Methods. We conducted a nested case-control study within a cohort of COPD patients from Quebec, Canada, over the period 1988-2003, identified using administrative databases linking hospitalization and drug dispensing information. Each subject hospitalized for pneumonia during follow-up (cases) was age- and time-matched to four controls. The effect of the use of inhaled corticosteroids was assessed using conditional logistic regression, after adjusting for co-morbidity and COPD severity.
Results.
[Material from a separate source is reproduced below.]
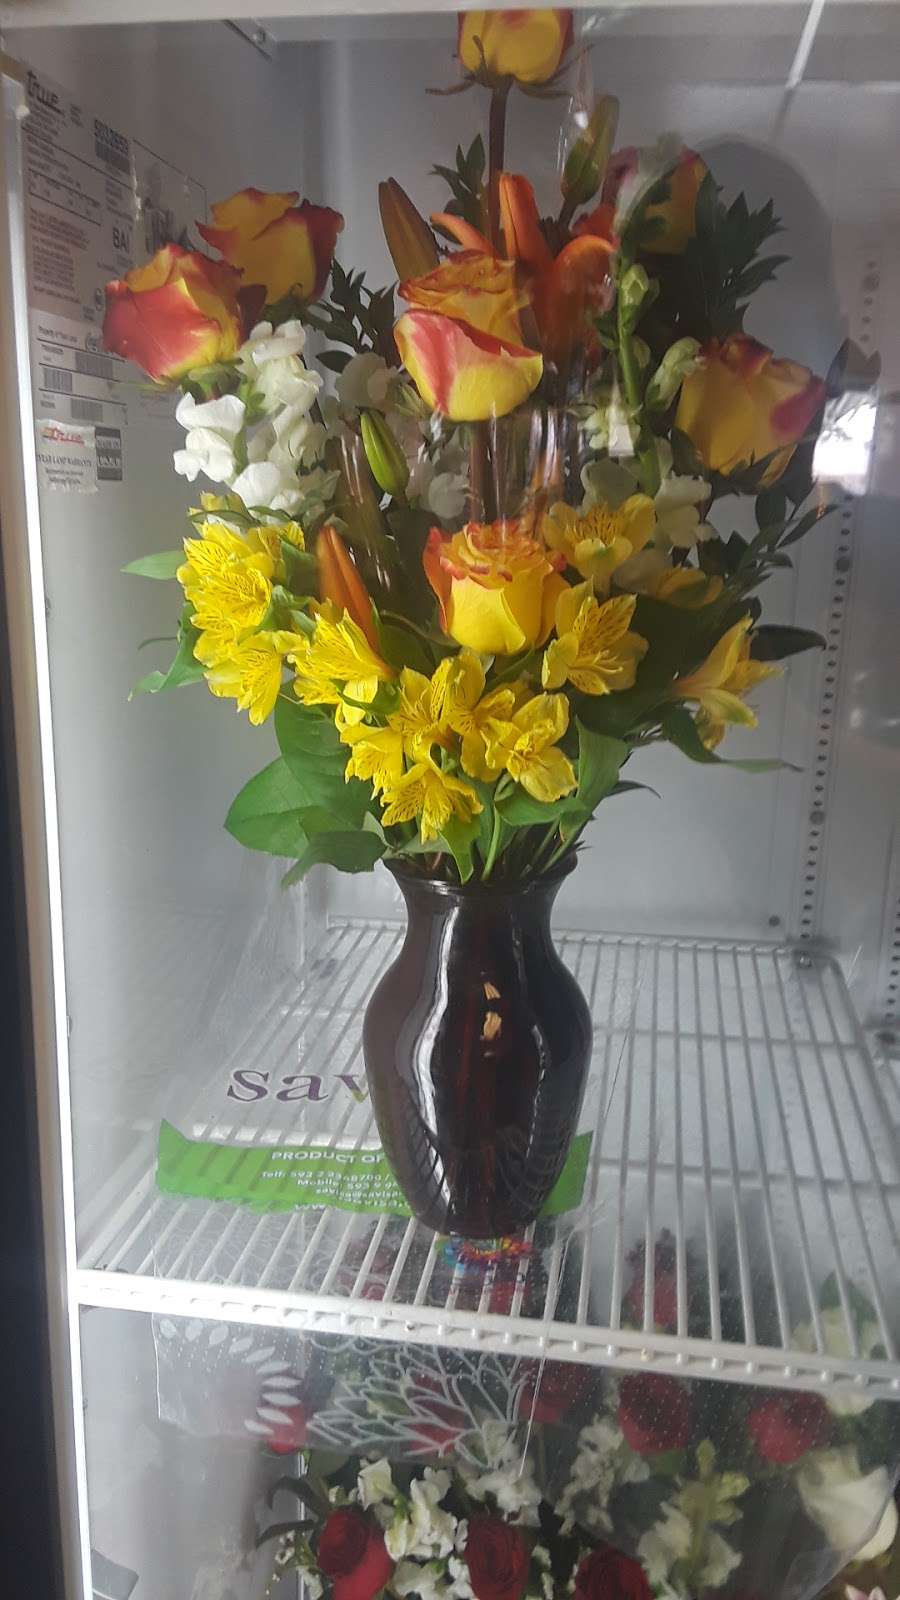 St.Raphael Flower Mini Store $99 Up | 9905 San Pedro St, Los Angeles, CA 90003

The cohort included 175,906 COPD patients of which 23,942 were hospitalized for pneumonia during follow-up, for a rate of 1.9 per 100 per year, and matched to 95,768 controls. The adjusted rate ratio (RR) of hospitalization for pneumonia associated with current use of inhaled corticosteroids was 1.70 (95% confidence interval (CI): 1.63-1.77) and 1.53 (95% CI: 1.30-1.80) for pneumonia hospitalization leading to death within 30 days. The rate ratio of hospitalization for pneumonia was greatest with the highest doses of inhaled corticosteroids, equivalent to fluticasone 1000mcg per day or more, (RR 2.25; 95% CI: 2.07-2.44). All cause mortality was similar for patients hospitalized for pneumonia, whether or not they had received inhaled corticosteroids in the recent past (7.4% and 8.2% respectively).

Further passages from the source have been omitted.